Propos recueillis par Mouhamet Ndiongue
Hamadi Baba Hamadi, président de la Fédération Nationale de la Pêche (FNP) de Mauritanie, revient sur les dynamiques de coopération entre son pays et le Maroc dans le domaine halieutique. Il met en lumière le protocole d’accord scellé en marge du Salon Halieutis d’Agadir, qui établit un cadre de concertation et de coordination entre la FNP et la COMAIP, organisation marocaine sœur. Cette collaboration s’est concrétisée à Dakhla par la signature d’une déclaration commune, accompagnée de la création d’un comité conjoint chargé de piloter les échanges techniques et stratégiques.
Hamadi insiste sur le rôle de la FNP en tant qu’organe de plaidoyer, sans compétence exécutive dans la gestion administrative des pêches, mais fortement impliqué dans les organes de gouvernance tels que le Conseil Consultatif National des Pêches ou les structures de l’IMROP. Il souligne l’importance de la préservation des ressources, de la lutte contre la pêche illégale et de l’adoption de pratiques responsables, conformément aux engagements internationaux de la Mauritanie.
Afrique Diplomatique: Quelles sont les avancées les plus significatives de la déclaration conjointe signée à Dakhla pour le secteur halieutique mauritanien ? Comment cette coopération s’inscrit-elle dans la stratégie nationale de la Mauritanie pour la pêche durable et la sécurité alimentaire ?
Hamadi Baba Hamadi: Depuis notre première rencontre, en marge du Salon Halieutis à Agadir, en février dernier, nous avons signé un protocole d’accord qui encadre désormais les relations étroites que nous nous engageons à entretenir entre nos deux organisations professionnelles. Cette coopération repose essentiellement sur la concertation, la coordination et des échanges réguliers d’informations.
Le premier résultat concret s’est matérialisé par la rencontre qui s’est tenue à Dakhla, où nous avons signé une déclaration commune. Celle-ci décline les objectifs stratégiques de nos deux organisations sœurs et a permis la mise en place d’un comité conjoint FNP-COMAIP, véritable outil organisationnel de cette coopération, avec la Déclaration de Dakhla pour cadre juridique.

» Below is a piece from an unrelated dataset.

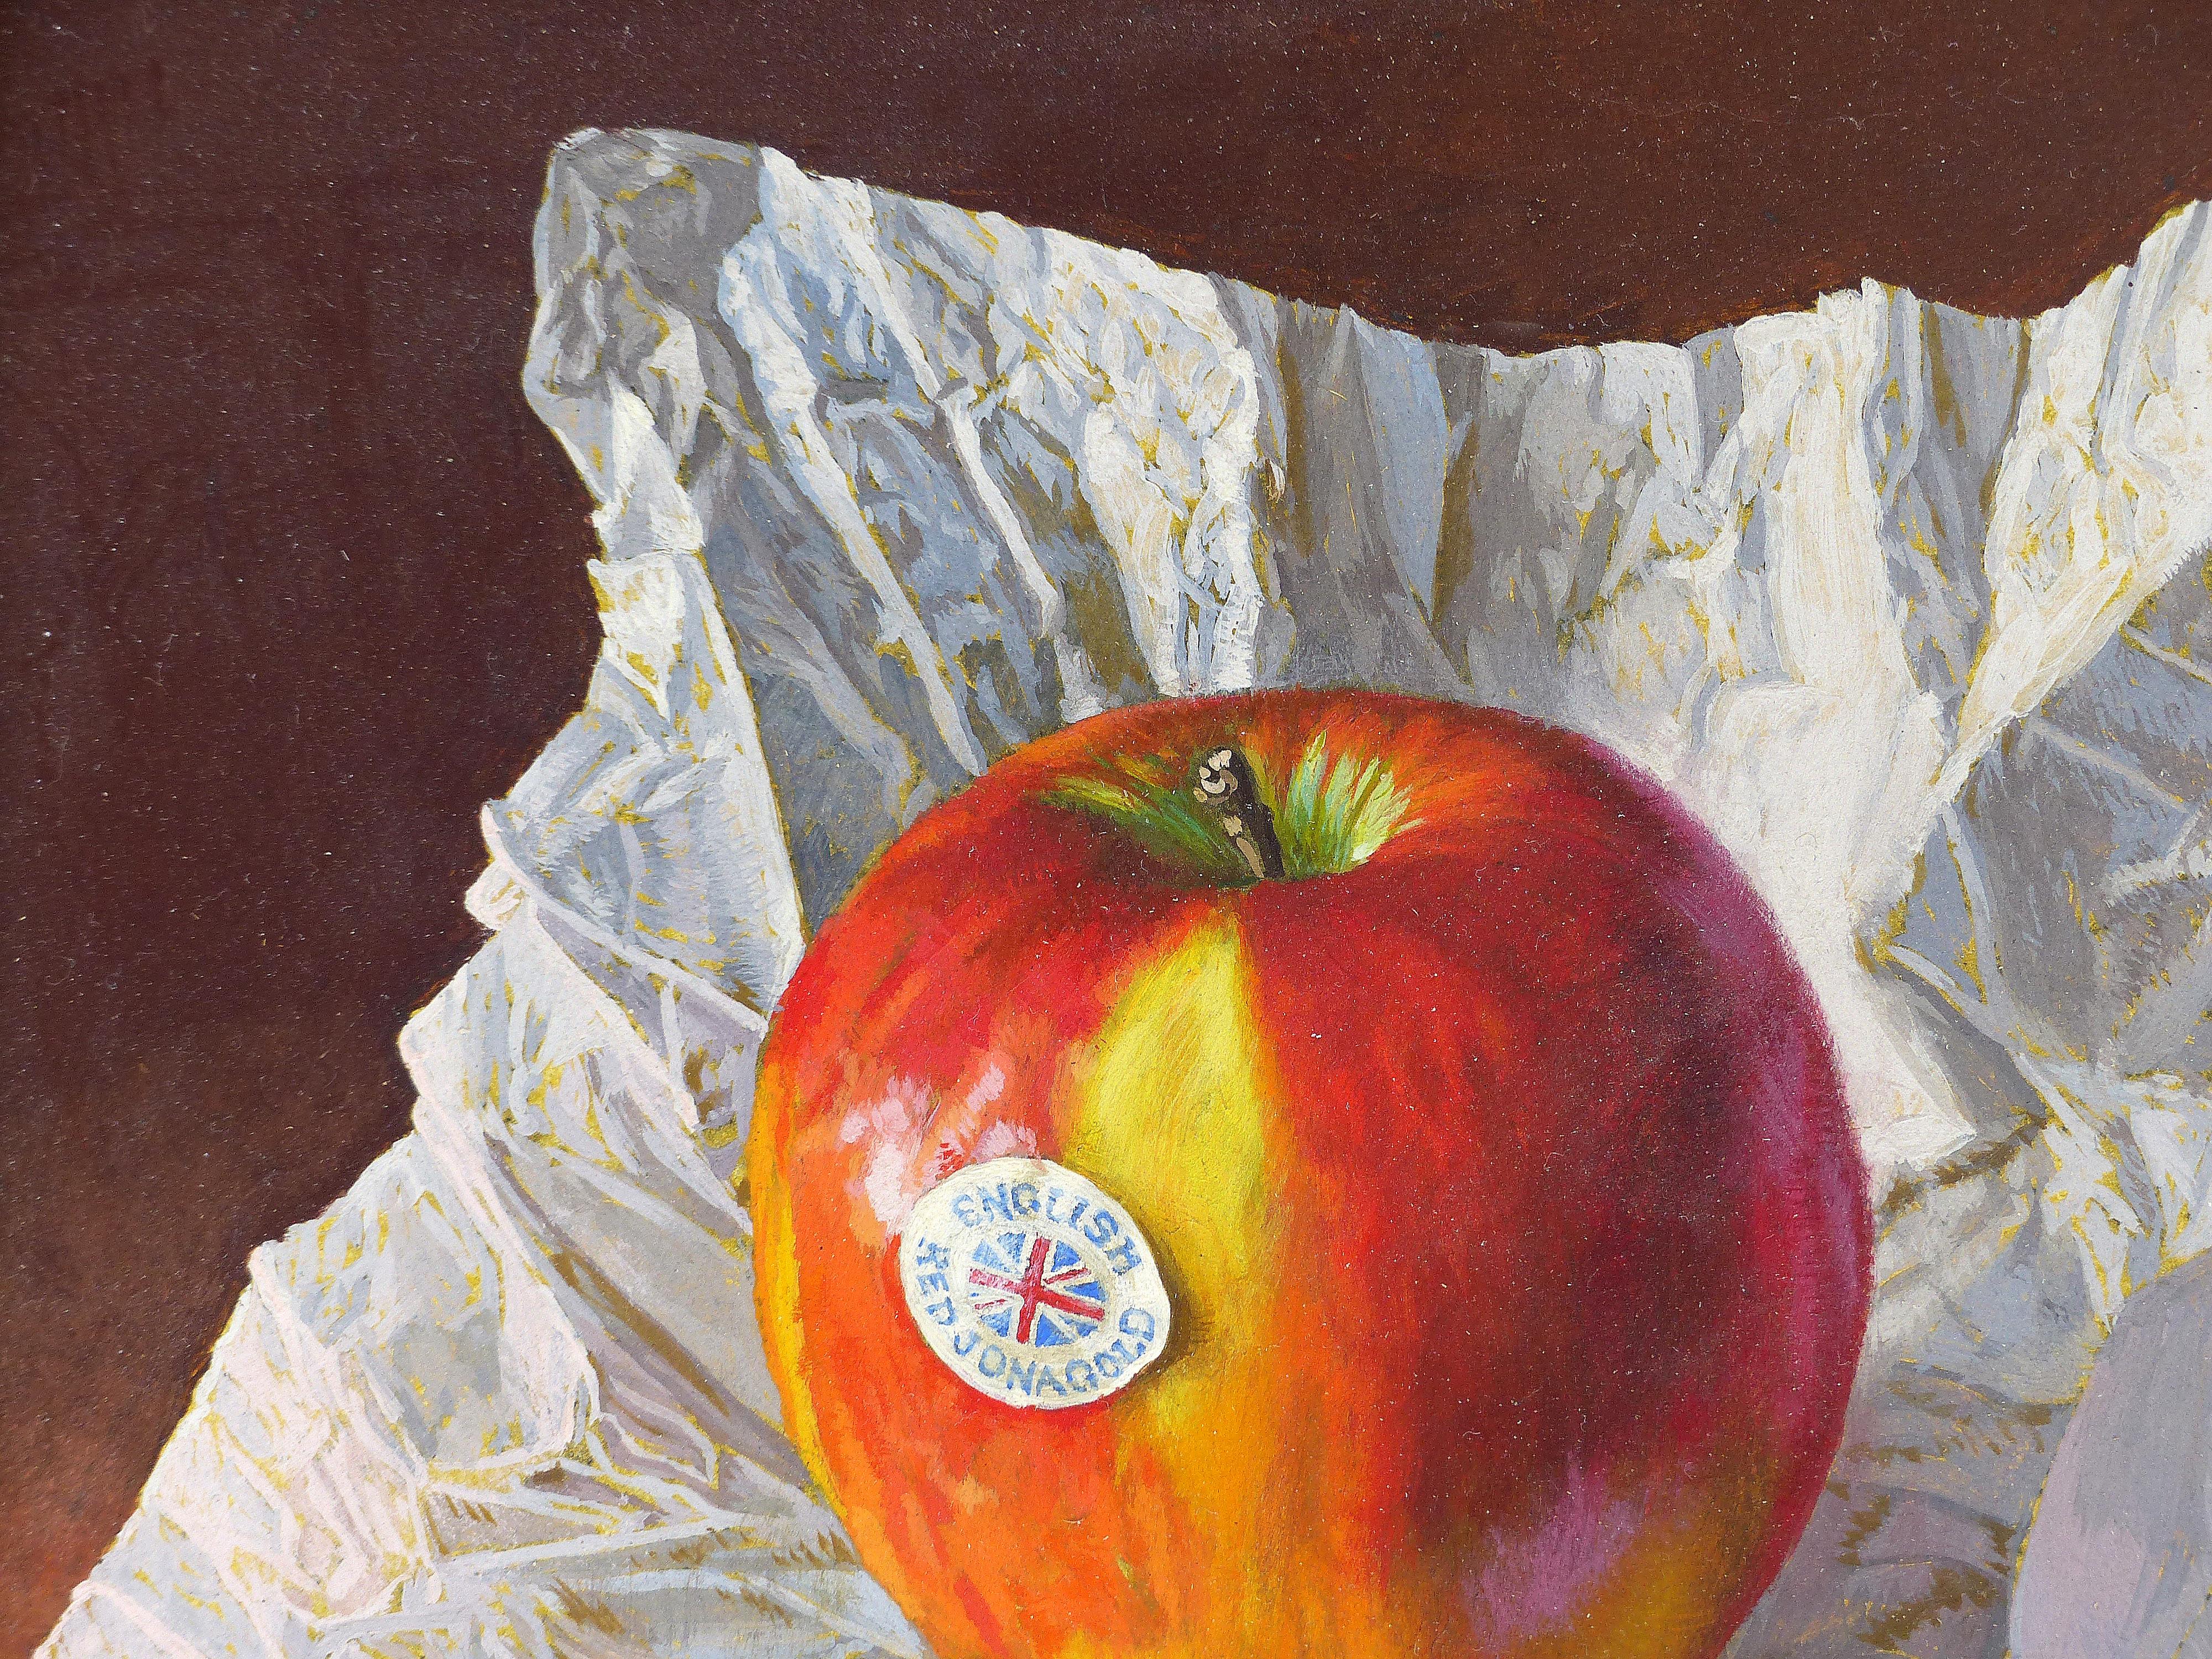 Hand-Painted Super-Realism Still-Life Apple Painting by James Eddie, 1995 For Sale

Étant donné que nos deux pays exploitent des stocks mitoyens et partagés – en particulier les petits pélagiques qui représentent 80 à 90 % de nos ressources –, nous sommes appelés à organiser des concertations régulières sur l’évaluation de ces ressources et la mise en œuvre de mesures d’aménagement. Ainsi, cette coopération s’inscrit pleinement dans la stratégie nationale de la Mauritanie, axée sur la pêche durable et la sécurité alimentaire, en renforçant les échanges entre nos organisations professionnelles et les instituts de recherche.
La Mauritanie dispose de l’un des écosystèmes marins les plus riches d’Afrique. Comment la FNP compte-t-elle tirer parti de cet accord pour préserver durablement ces ressources halieutiques partagées ?
Il est vrai que la Mauritanie bénéficie d’une des côtes les plus poissonneuses du monde. Toutefois, la FNP, en tant qu’organisation professionnelle à caractère syndical, joue un rôle de proposition et de plaidoyer, sans compétence exécutive directe dans la gestion administrative des pêches. La mise en œuvre des politiques et des mesures d’aménagement relève exclusivement des attributions du Ministère chargé des Pêches.
Nous veillons à ne pas empiéter sur ces prérogatives. Cependant, pleinement conscients de la nécessité de préserver durablement ces ressources, nous faisons tout ce qui est en notre pouvoir pour conseiller le ministère compétent. Nos efforts visent à promouvoir et à mettre en place des mesures techniques adaptées pour une gestion rationnelle des stocks et la protection de l’équilibre des écosystèmes. Les échanges réguliers et la coopération renforcée avec la COMAIP s’inscrivent dans cette logique de préservation à long terme.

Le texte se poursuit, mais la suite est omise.